Reed--Muller (RM) codes, a classical family of codes known for their elegant algebraic structure, have recently been shown to achieve capacity under maximum-likelihood (ML) decoding on the binary erasure channel and this has rekindled interest in their efficient decoding. We consider the code family RM(m-3,m) and develop a new ML decoder, for transmission over the binary symmetric channel, that exploits their large symmetry group. The new decoder has complexity O(m^3), which is lower than an earlier method introduced by Seroussi and Lempel in 1983.
Bio: Andrew Thangaraj received his B.Tech in Electrical Engineering from the Indian Institute of Technology (IIT), Madras, India in 1998 and a PhD in Electrical Engineering from the Georgia Institute of Technology, Atlanta, USA in 2003. He was a post-doctoral researcher at the GTL-CNRS Telecom lab at Georgia Tech Lorraine, Metz, France from August 2003 to May 2004. From June 2004, he has been with the Department of Electrical Engineering, IIT Madras, where he is currently a professor. From Jan 2012 to Jan 2018, he served as Editor for the IEEE Transactions on Communications.
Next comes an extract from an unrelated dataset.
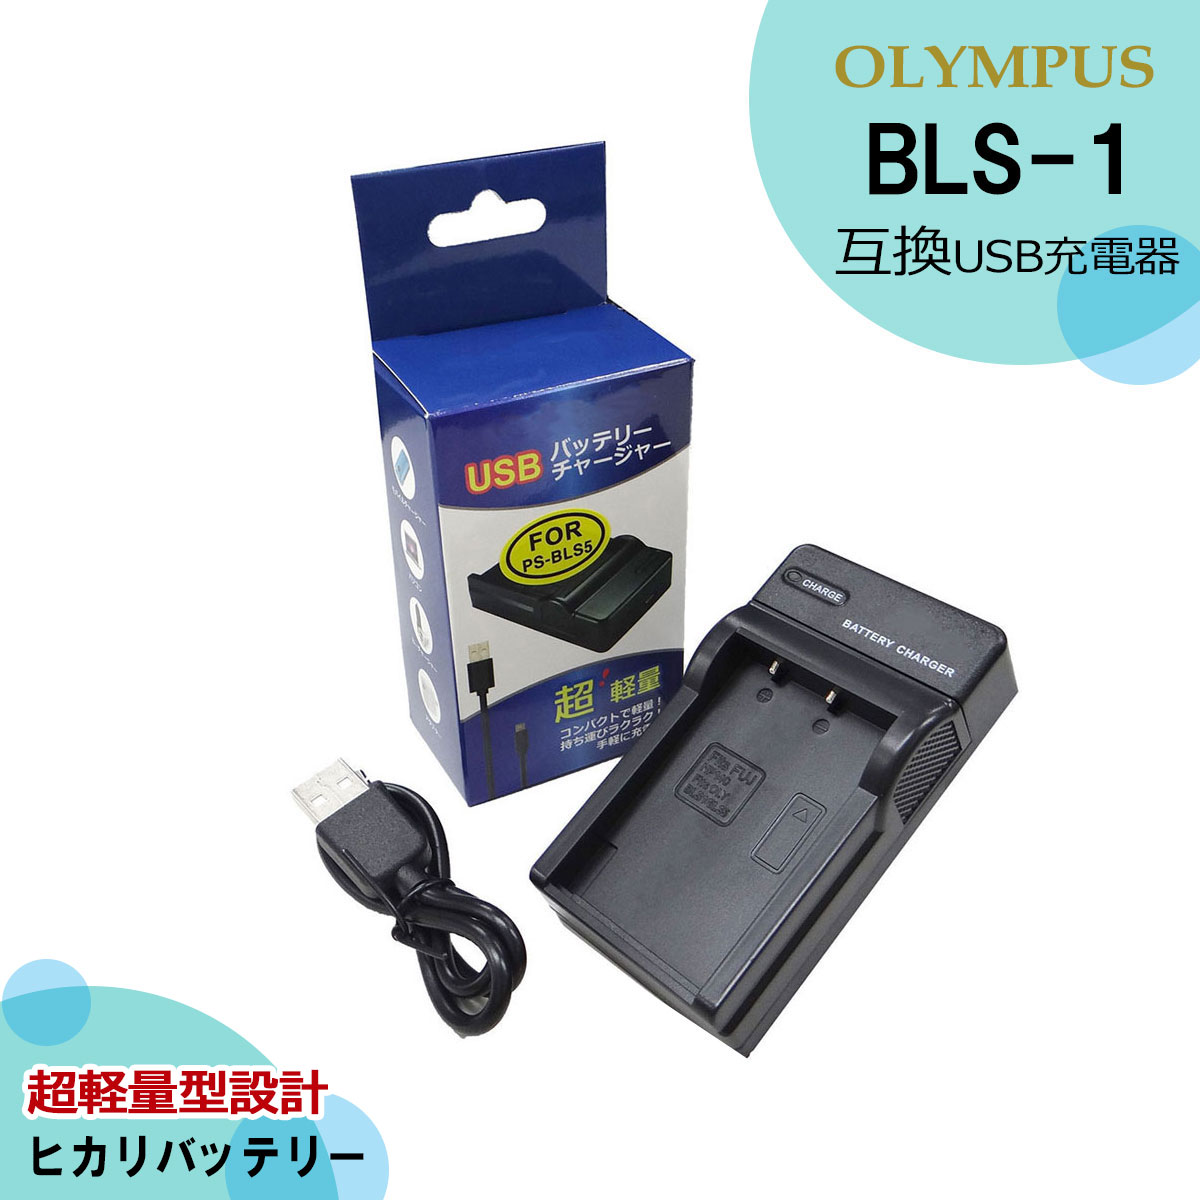 オリンパス ★送料無料★BLS-1 BCS-1 互換充電器 USB型 E-PL3 / E-PL3 / E-PL5 / E-PL6 / E-PL7 / E-PM1 E-PM2 / OM-D / PL6 / Stylus 1 E-P1 / E-P2 / E-P3 / E-PL1 / E-PL1s / E-PL2 E-400 / E-410 / E-420 / E-450 / E-620 / E-M10
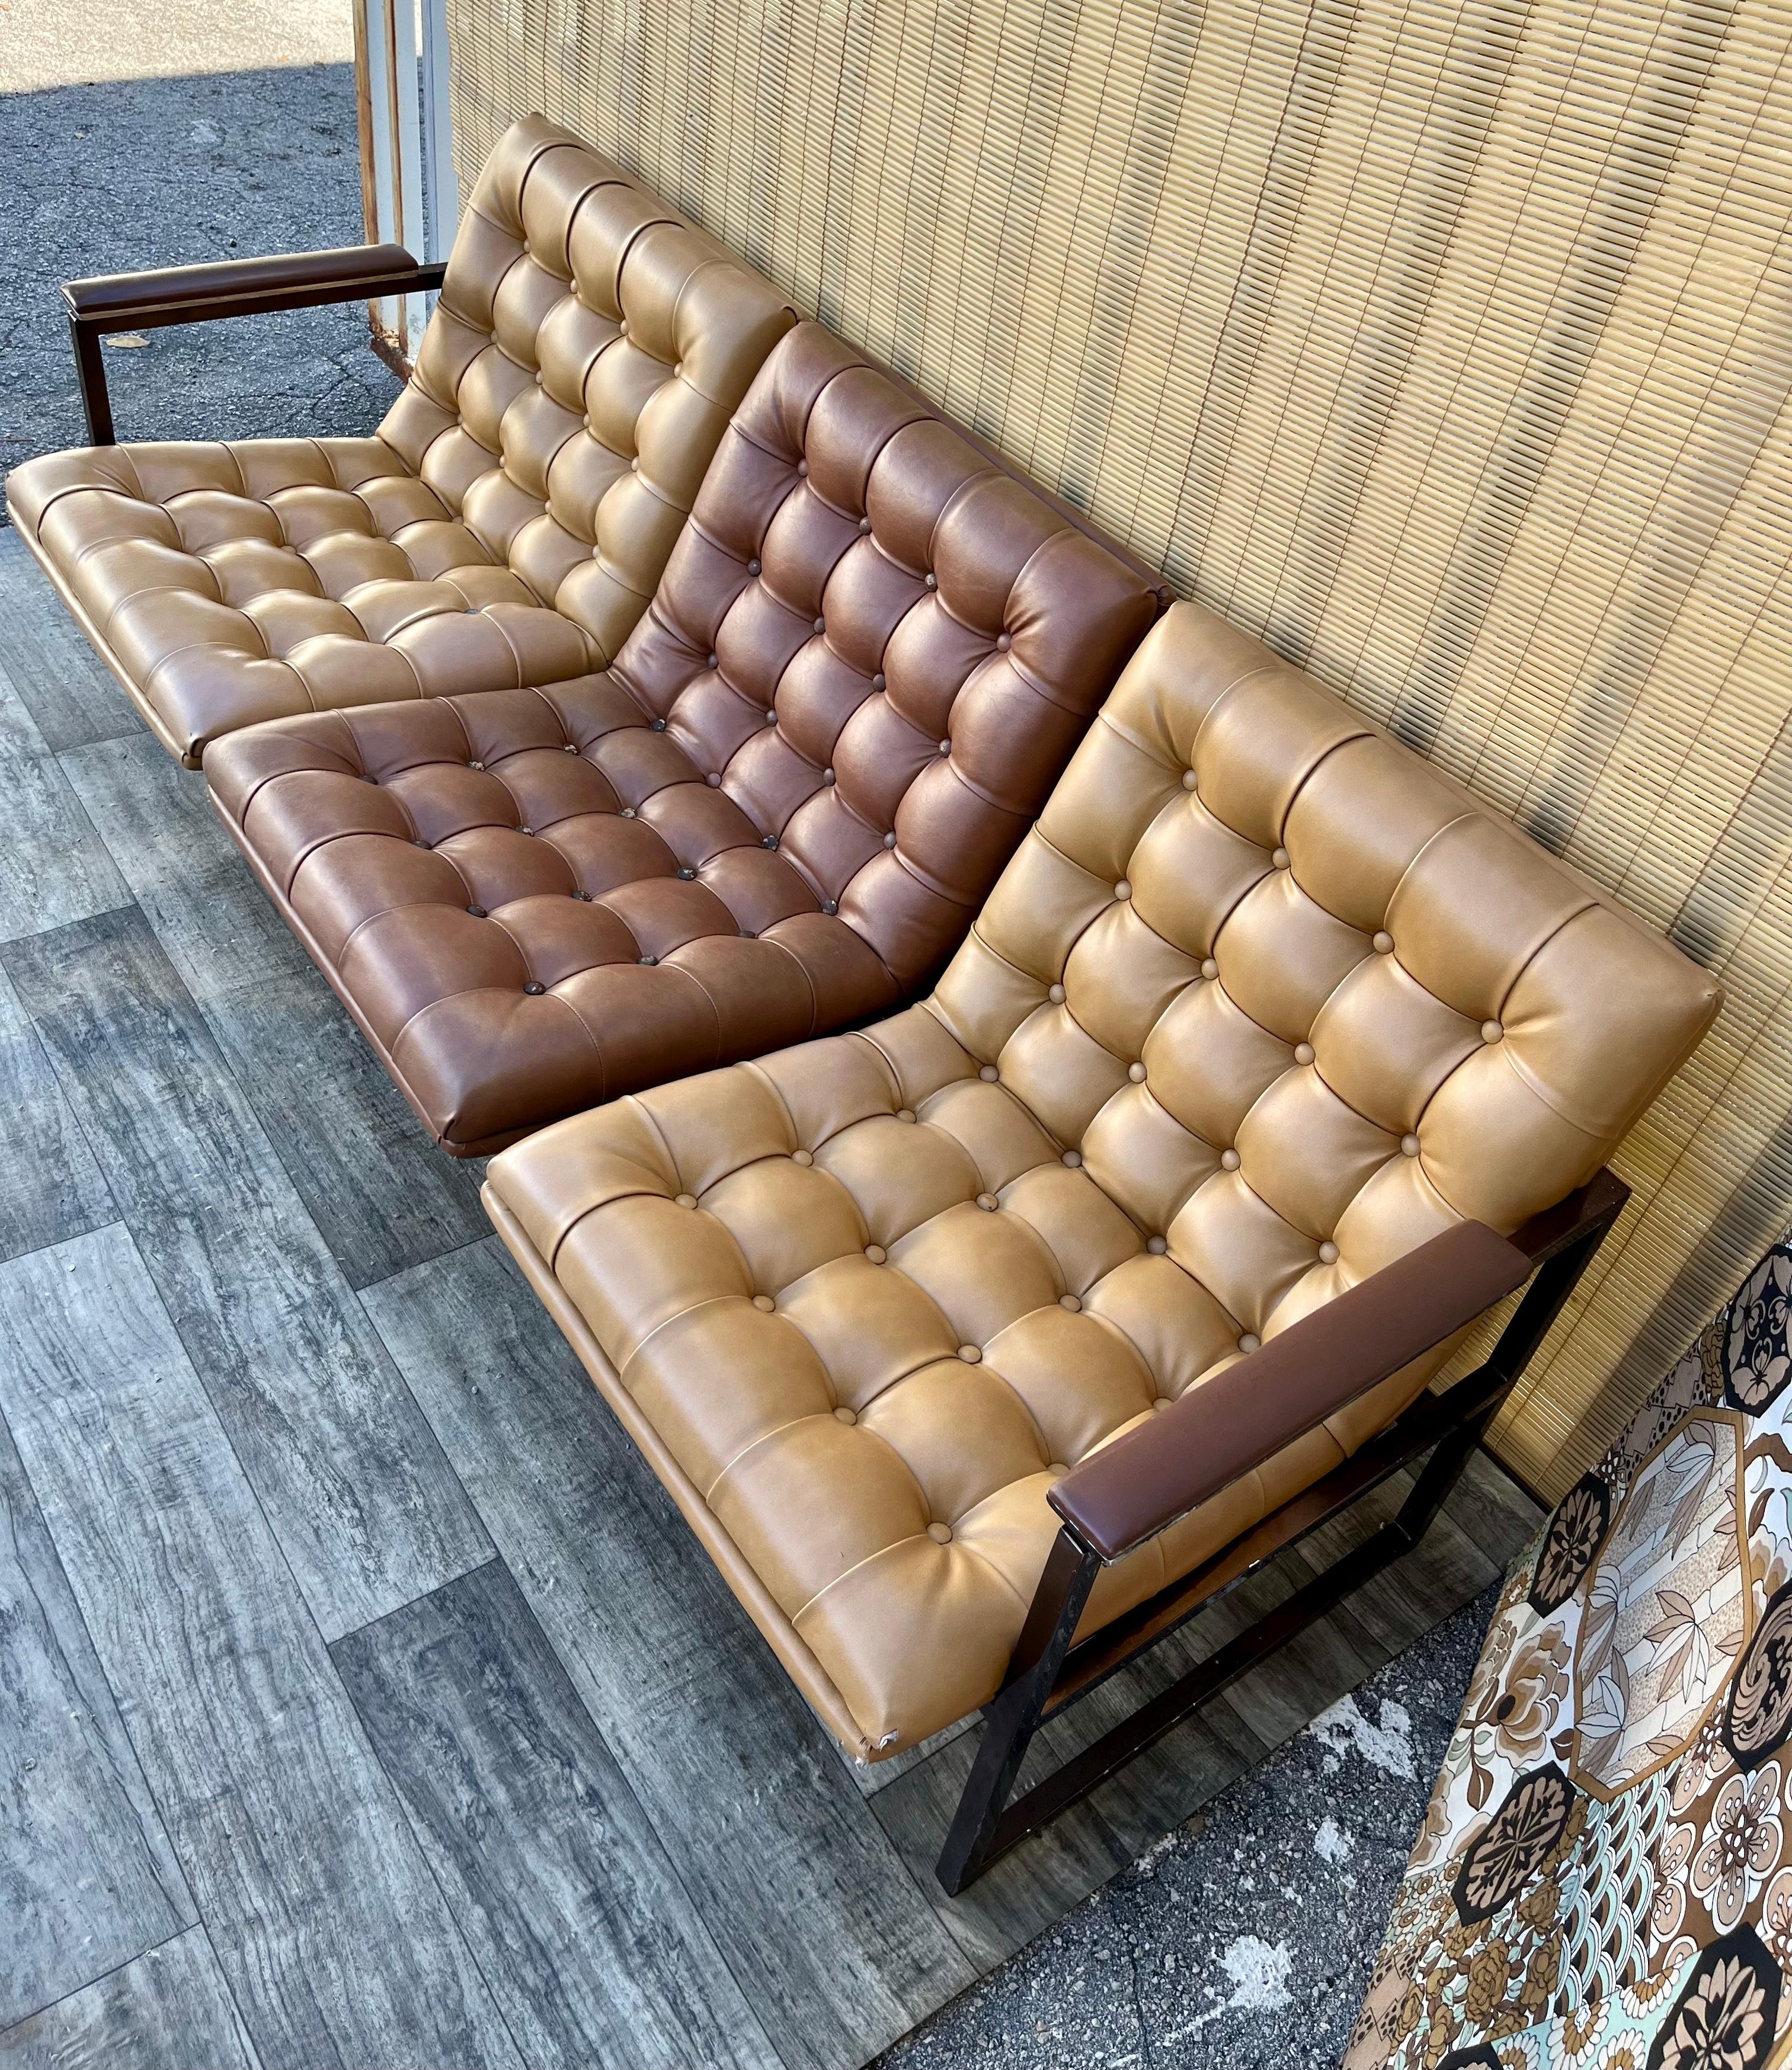 1970s sofa styles

Since July 2018, he has been serving as an Associate Editor for Coding Techniques for the IEEE Transactions on Information Theory. Since Oct 2011, he has been serving as NPTEL coordinator at IIT Madras. He has played a key role in initiating and running NPTEL online courses and certification. He is currently a National MOOCs Coordinator for NPTEL in the SWAYAM project of the MHRD.